Precision and recall answer different questions, and improving one often hurts the other. Precision asks: of everything we predicted as positive, how much was correct? Recall asks: of all the truly positive cases, how many did we catch? On rare-event tasks, both matter, but the right balance depends on the product decision you are making.
Definitions:
precision = TP / (TP + FP)
recall = TP / (TP + FN)
Threshold is the control knob. If a logistic-regression or neural-network model outputs a score between 0 and 1, then the threshold determines when that score becomes a positive prediction. A default of 0.5 is only a convention. It is not a law of machine learning.
Raise the threshold: the model predicts positive only when it is very confident. This usually increases precision because flagged cases are more likely to be real positives, but it reduces recall because many borderline positives are now missed.
Lower the threshold: the model predicts positive more aggressively. This usually increases recall because you catch more actual positives, but it reduces precision because more flagged cases will be false alarms.
Decision framing matters. If a false positive causes expensive treatment, legal action, or user friction, you may want high precision. If a false negative means a cancer case, fraud event, or safety incident goes undetected, you may prefer higher recall. The threshold is therefore part of product design, not only model evaluation.
The F1 score helps when you want one summary number. The source note is careful here: simply averaging precision and recall can be misleading because one can be high while the other is catastrophically low. The F1 score, the harmonic mean of precision and recall, penalizes those lopsided situations more heavily. It is often used when you want a single scalar score to compare models or choose a threshold.

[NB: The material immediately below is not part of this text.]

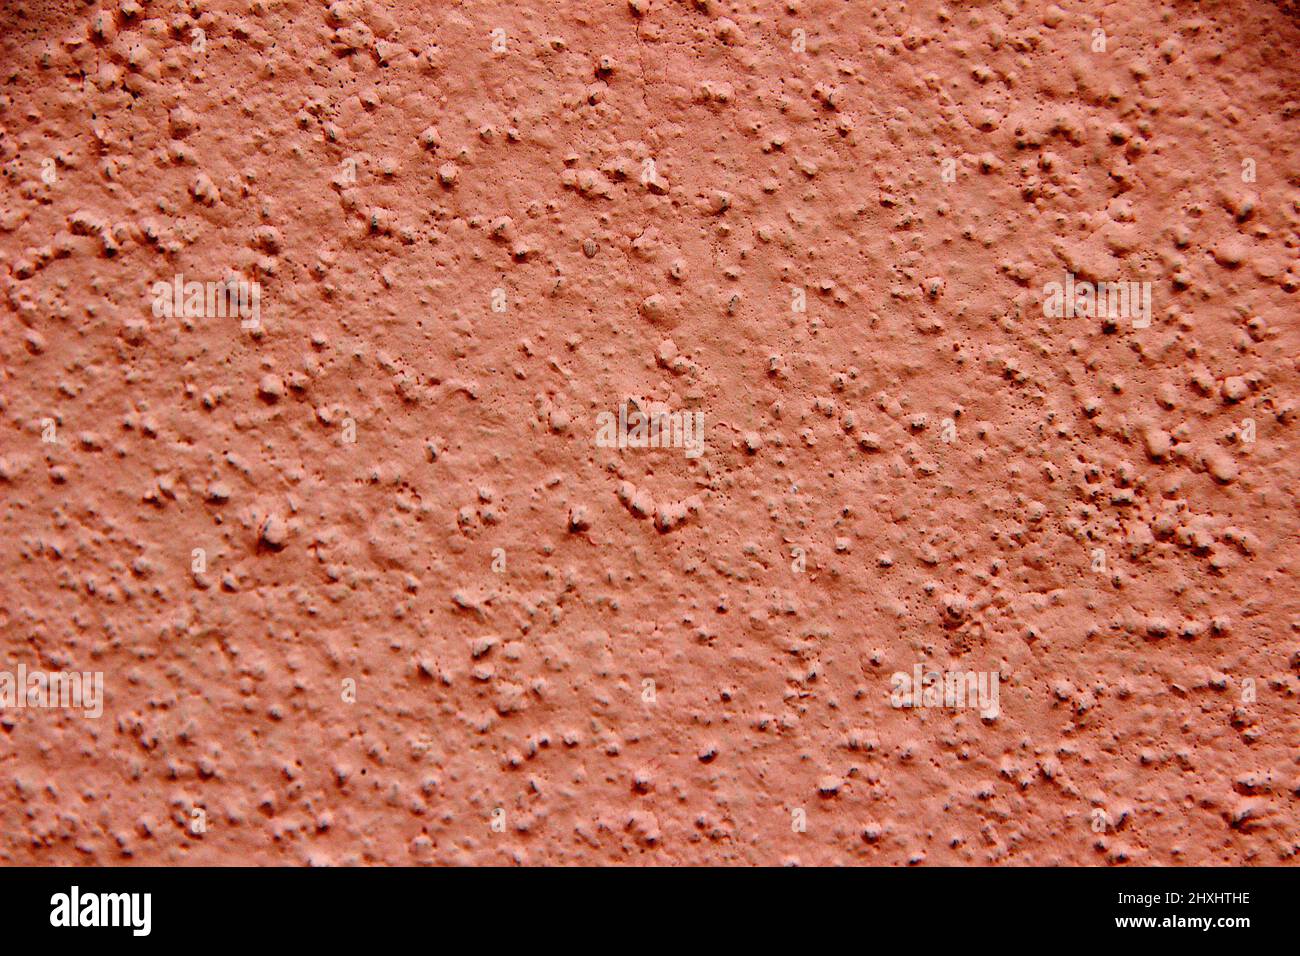 Close-up of pink painted concrete wall showing coarse sandy grains Stock Photo

But F1 is not magic. It assumes precision and recall matter in a roughly balanced way. In many production systems they do not. If false negatives are ten times more costly than false positives, then the best business threshold may not be the threshold with the highest F1. This is why mature systems expose threshold tuning as an explicit operating-policy decision.

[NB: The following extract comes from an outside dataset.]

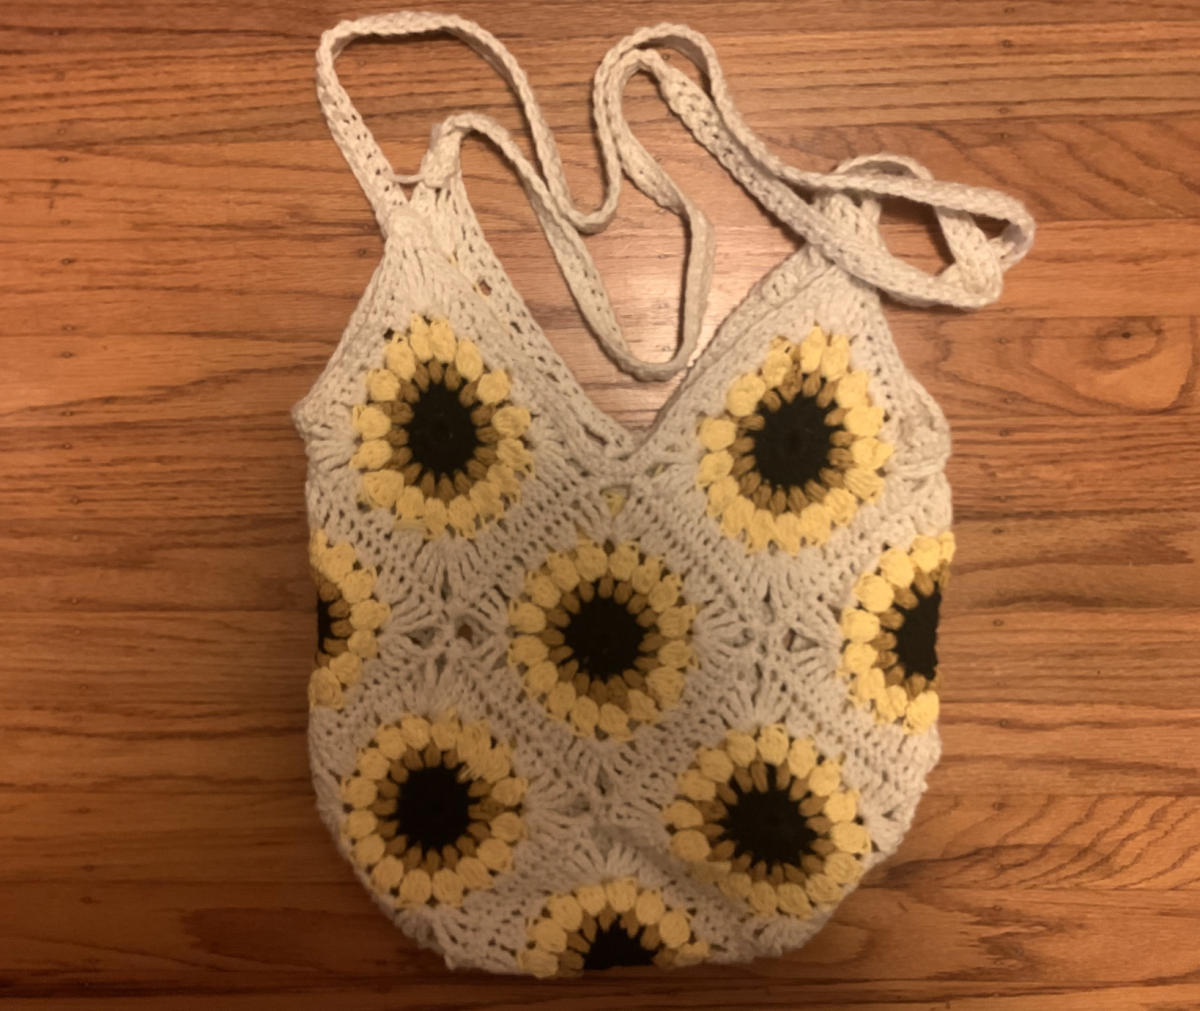 Tote+bags+can+be+made+by+crocheting+sunflower+granny+squares+together.

Architecture note: production classifiers often separate model scoring from decision policy. The model produces calibrated or semi-calibrated scores. A policy layer chooses thresholds by use case, jurisdiction, user tier, or escalation workflow. That separation makes the system easier to audit, adjust, and monitor.
Flow to remember: model score -> threshold policy -> confusion matrix -> precision/recall trade-off -> business decision. If you skip the policy step, you are pretending a default threshold already knows your application's risk tolerance.
Interview-Ready Deepening
Source-backed reinforcement: these points add detail beyond short-duration UI hints and emphasize production tradeoffs.
- This usually increases precision because flagged cases are more likely to be real positives, but it reduces recall because many borderline positives are now missed.
- More generally, we have the flexibility to predict one only if f is above some threshold and by choosing this threshold, we can make different trade-offs between precision and recall.
- The balances, the cost of false positives and false negatives or the balances, the benefits of high precision and high recall.
- Because it turns out if an algorithm has very low precision or very low recall is pretty not that useful.
- The F1 score, the harmonic mean of precision and recall, penalizes those lopsided situations more heavily.
- If false negatives are ten times more costly than false positives, then the best business threshold may not be the threshold with the highest F1.
- But in this example, Algorithm 2 has the highest precision, but Algorithm 3 has the highest recall, and Algorithm 1 trades off the two in-between, and so no one algorithm is obviously the best choice.
- Algorithm 3 is actually not a particularly useful algorithm, even though the average between precision and recall is quite high.
Tradeoffs You Should Be Able to Explain
- More expressive models improve fit but can reduce interpretability and raise overfitting risk.
- Higher optimization speed can reduce training time but may increase instability if learning dynamics are not monitored.
- Feature-rich pipelines improve performance ceilings but increase maintenance and monitoring complexity.
First-time learner note: Read each model as a dataflow system: inputs become representations, representations become scores, and scores become decisions through a chosen loss and thresholding policy.
Production note: Track three things relentlessly in ML systems: data shape contracts, evaluation methodology, and the operational meaning of the model's errors. Most expensive failures come from one of those three.
Thresholding is policy, not only model math. The model returns scores, but the application chooses a decision threshold. Raising threshold usually increases precision and lowers recall; lowering threshold usually does the reverse.
Production design pattern: separate scoring from decision policy so you can retune thresholds by risk tier, market, or workflow without retraining the model itself.